Assessee has submitted documents like contract notes issued by Broker, Assessee company’s own bank statement and ledger account of broker. From the documents submitted by the assesee it is verified that assessee has used its fund do the transaction at NSEL.

Further, transactions made by the assessee are verified with the help of ledger account submitted by the assessee, contract noted issued by the broker and bank statement of assessee company. All the transactions reflected in ledger are matched with contract notes.

Further with the help bank statements of assessee company it is verified that the sale proceed is deposited in the bank account of assessee which it has offered for taxation.

The contract notes issued by the broker gives the complete details of the order number, trade number, contract description, quality, unit, price, brokerage and amount. These transactions mentioned in the contract notes have been duly executed on the online exchange platform of NSEL. A perusal of the contract notes it is reveals that the purchase and sale transaction of the assessee cannot be held to be non-genuine / bogus by any stretch of imagination.

The transactions in NSEL are made through members of NSEL, who are authorized brokers. The assessee has made the transactions under paired contracts. Under the paired contract, generally the purchases were made at T+2 cycle and sales were made at T+25 or T+35 cycle. Under these transactions, the assessee made full payment for purchase immediately and delivery of the commodity lying in the warehouse was assigned to it. The transactions were subjected to VAT, delivery charges, service tax. As far as sale is concerned, the assessee immediately put a contract for sale on T+25 and T+35 and delivery was assigned from buyer to the seller. The amount is received as and when the transaction is completed. In the assessment years 2013-14 whatever the transactions were made on NSEL, whatever the profits or losses obtained, the same were duly disclosed in the profit & loss account and assessed as business income.

From the above discussion the conclusion is drawn that assessee has traded on the platform of NSEL and offered the profit of Rs.4,48,09,881 for taxation. There has been no specific allegation against the assessee company in the report of SFIO or DDIT(Inv) report. There has been no finding in the report that assessee’s own fund has been brought back in the form of profits from the NSEL platform. Assessee with the help of documentary evidences has established that its own funds are utilized to conduct transactions on at NSEL platform. Since, assessee has already offered the profits earned form NSEL platform for taxation, I hold that there has been no escapement of income vis-à-vis transactions entered on NSEL platform. Therefore it is not a fit case for reopening.

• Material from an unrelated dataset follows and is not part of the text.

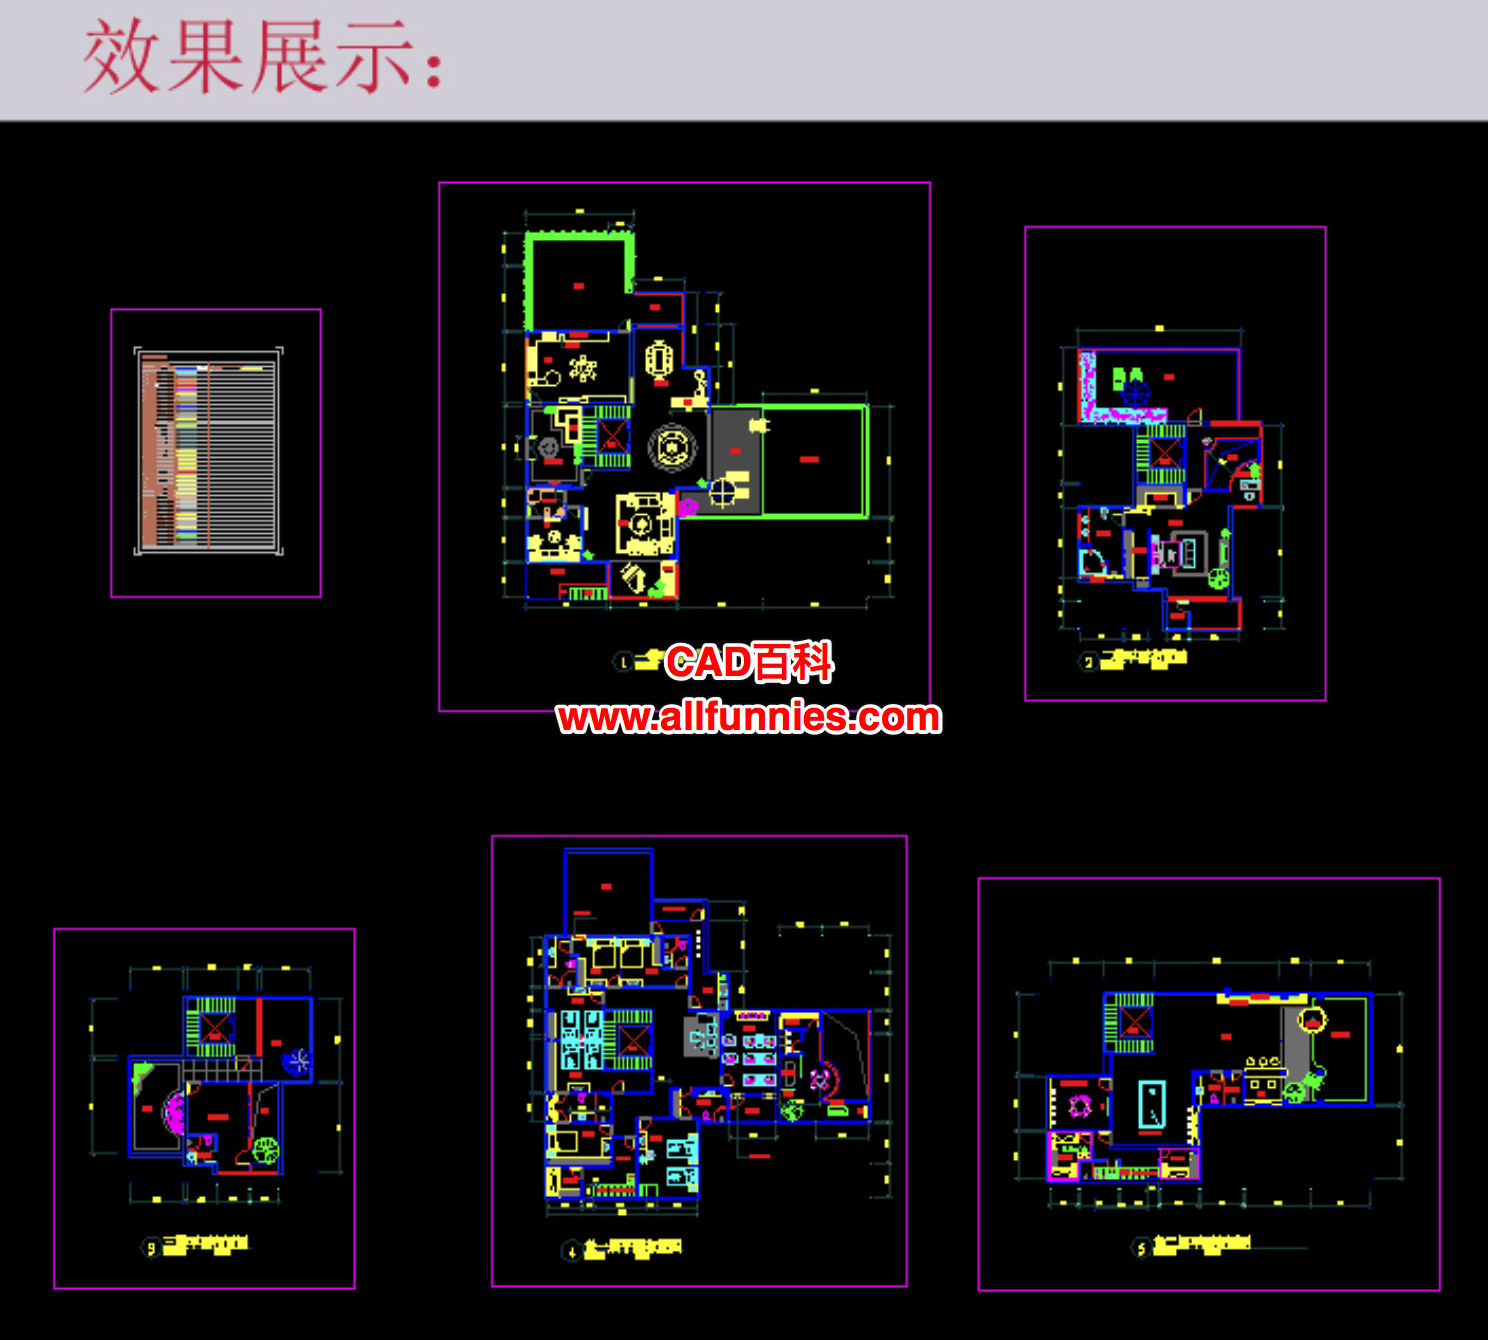 CAD批量打印图纸插件下载(支持AutoCAD2020,含安装使用教程)

8. In light of the above facts and on the basis of material available on record the case of M/s. MODERN INDIA LTD (PAN: AAACT4121E), reopening u/s. 148 of the I.T. Act, 1961 in this case is not recommended for A.Y. 2013­14.

9. In view of this, prior approval from the Specified, Principal Chief Commissioner of Income Tax, Mumbai is received to pass the order u/s. 148A(d) of the Income Tax Act, 1961.”

10. The aforesaid observations of the Assessing Officer himself make it clear that the report of the SFIO and DDIT (Inv.), which are the cornerstone of reopening of assessment u/s. 147 of the Act for all the three years, which viz, A.Ys 2012-13, 2013-14 and 2014-15 do not in any manner establish or refer to any wrong doing or illegal activity of the assessee either through client code modification or in any other mode or manner. The Assessing Officer has further observed that through cogent evidence, the assessee was able to establish that its own funds were utilized to conduct transactions on NSEL platform and the profits from such transactions have already been offered to tax. Thus, the aforesaid observations, we do not find any valid reason to interfere with the decision of learned First Appellate Authority qua the deletion of additions made on account of Client Code Modification. Grounds are dismissed.

11. In view of our decision above in Revenues’ appeals, the cross objections of the assessee have become infructuous, hence, dismissed.

12. In the result, appeals and cross objections are dismissed.

Order pronounced in the open court on 21/01/2025.